Import a private dataset to ETL
This tutorial might be partial or incomplete. Please check with the team if you have questions.
Most of the steps have private versions with -private
suffix (e.g. data-private://...
, walden-private://...
) that remember and enforce a dataset level is_public
flag.
When publishing, the index is public, but tables in the index that are private are only available over s3 with appropriate credentials. owid-catalog-py
is also updated to support these private datasets and supports fetching them over s3 transparently.
Uploading private data to walden
It is possible to upload private data to walden so that only those with S3 credentials would be able to download it.

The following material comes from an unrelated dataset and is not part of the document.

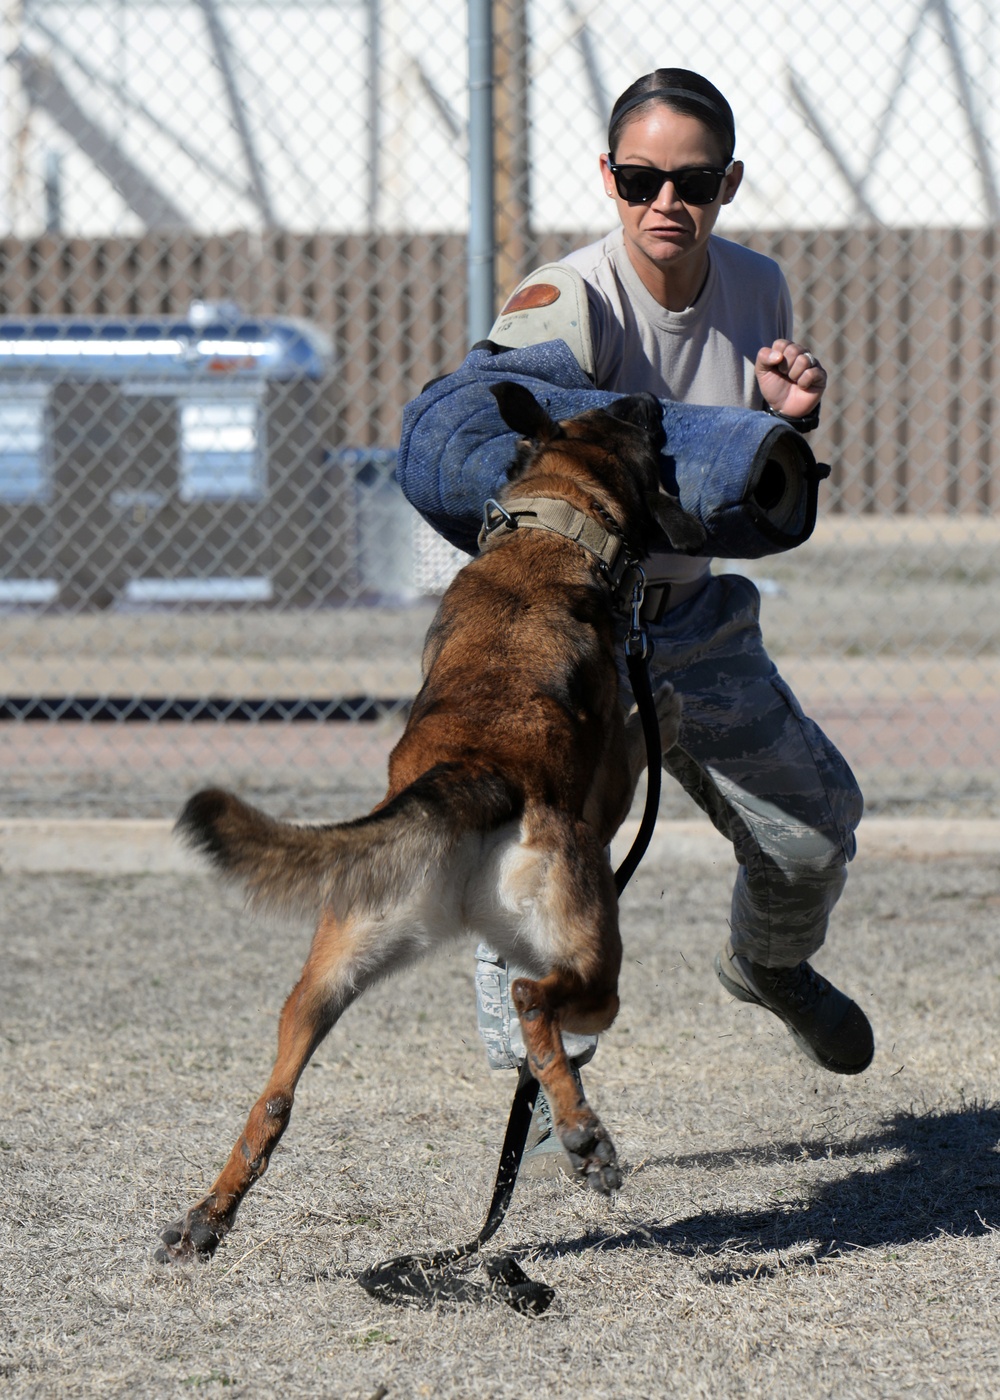 Altus’ working dog team enhances security forces mission

from owid.walden import Dataset
local_file = 'private_test.csv'
metadata = {
'name': 'private_test',
'short_name': 'private_test',
'description': 'testing private walden data',
'source_name': 'test',
'url': 'test',
'license_url': 'test',
'date_accessed': '2022-02-07',
'file_extension': 'csv',
'namespace': 'private',
'publication_year': 2021,
}
# upload the local file to Walden's cache
dataset = Dataset.copy_and_create(local_file, metadata)
# upload it as private file to S3
url = dataset.upload(public=False)
# update PUBLIC walden index with metadata
dataset.save()
Running private ETL
--private
flag rebuilds everything including private datasets
etl --private
reindex
publish --private